The Many-Sided House leads its visitors through itself room by room, almost as a self-revealing, full-sized map like in Jorge Luis Borges’s “On Rigor in Science.” The story is included in the 1970 edition of Borges’s Dreamtigers, which is one of the many objects in the exhibition. Upon entering, one of the first works one encounters is a low wooden bookshelf on casters, filled with printed matter: The Mobile Library Unit for A Many-Sided House (2023), or M.L.U., an assorted collection that relate to themes and concepts that influence the artworks of Wolf Tones, assembled by critic and writer David Levi Strauss, who has meticulously and site-specifically picked books from his own library. Divided into sections such as “Place and Displacement” and “Memory and Images,” the M.L.U. invites viewers to explore the books and move the trucks around the gallery—because a many-sided house, says Strauss, “needs a mobile library.” Like the nomadic bards of Anatolian folklore, the M.L.U. wanders within the installation, offering its stories to anyone who wish to read.
Dissonance is a curious thing. Looking at the installation as a whole, it’s possible, perhaps even encouraged, to perceive the underlying, humming discord between approaches to material, narrative, and order. Dalal, Goldfarb, Shaver, Sterrett Smith, and Strauss each have their own distinctive forms of production; their own peculiarities, obsessions, and compassions.

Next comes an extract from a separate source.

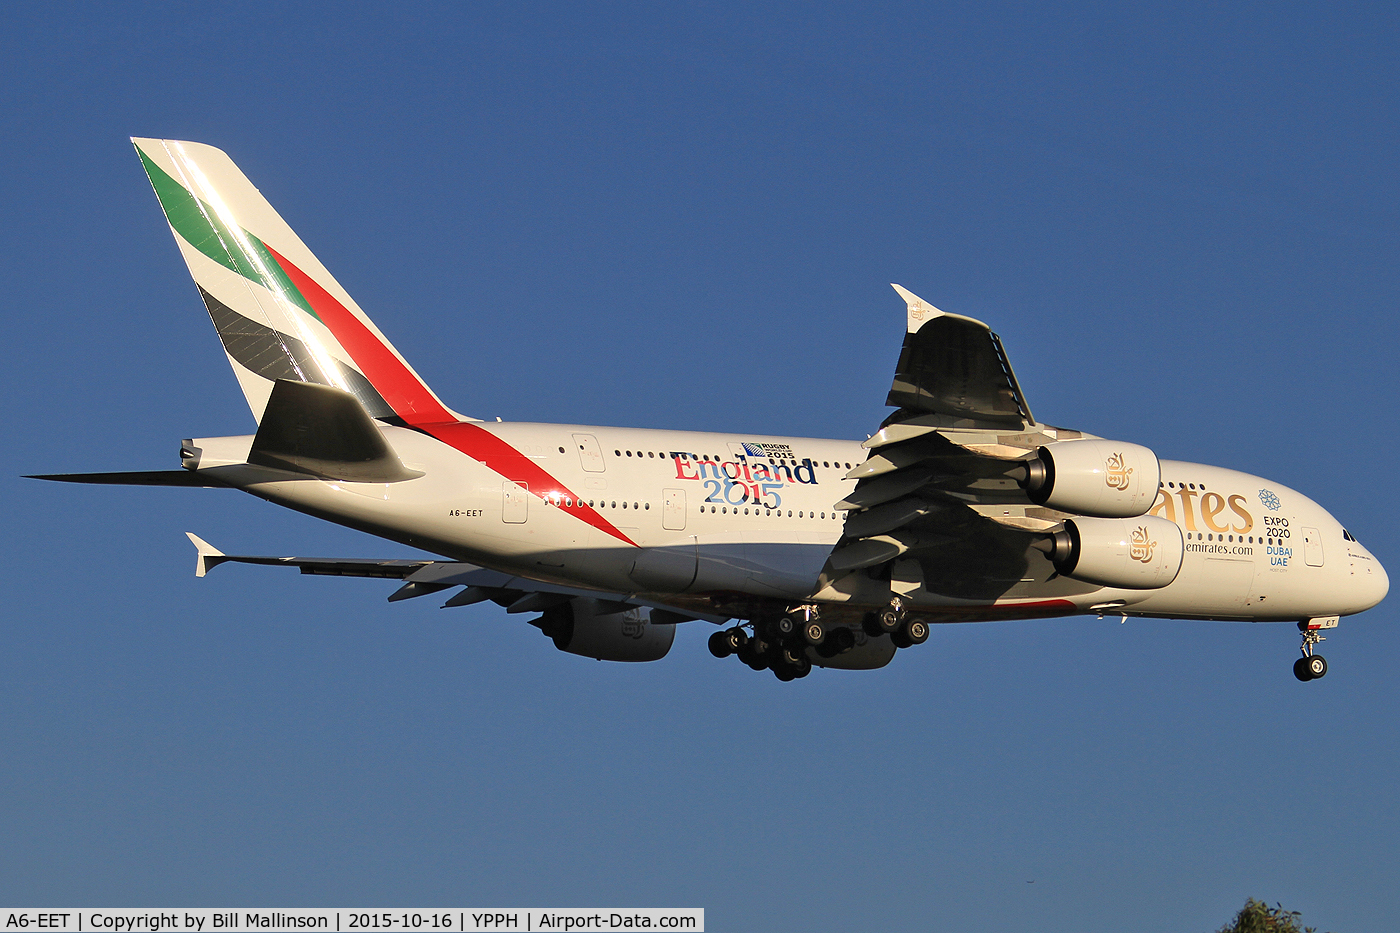 A6-EET, 2013 Airbus A380-861 C/N 142, finals to 21 as EK420

Goldfarb’s freighter, cruise, and shipping container models are situated at the center of the North Gallery, arranged like an x that marks the spot. The ships’ vertical angles point to the cardinal directions, making them at once an instrument of navigation and a placeholder for things hidden. A number of Sterrett Smith’s sculptures convene in their proximity. Her A Float (2021), another ship, floats on waves of painted wood and cardboard with blue feathers coming out of its funnel. Sterrett Smith’s works are of many textures, media, and materials, all of which are delicately organic, messy, and intuitive. Talking about her work with Phong H. Bui on the Brooklyn Rail’s New Social Environment, the artist mentioned a “drive to ooze, to seep”—even when dealing with firm materials, her works look like they are suspended in a fluid state. Nancy Shaver’s fascination with found, chosen, overlooked objects is shared among the Wolf Tones. Her embrace of the discarded takes the form of fabric over flat surfaces and planes: found, collected, and juxtaposed ordinary items, and a skilled, deliberate use of patterns. Collections–Love and work (2017–18) combines evening bags, a handmade snow shovel, baby hats, a panel of drawer knobs, tin can covers, metal rods, plumbing parts, and wooden platforms. Constructed with wooden blocks wrapped with fabric on pedestals of empty, found spools, Shaver’s defining series “Sentinels” gathers and scatters away throughout the Many-Sided House. As a mutual focus, patterns and forms of repetition are also found in the layered work of Pradeep Dalal. Repeatedly photographing the imagery of folds and bends of textiles, altering the physical essence of his base material by rendering it in two dimensions in an intersensory switch. As these individual artistic processes move and touch and conjoin with one another, they start resonating. That’s where the humming tone turns into a howl.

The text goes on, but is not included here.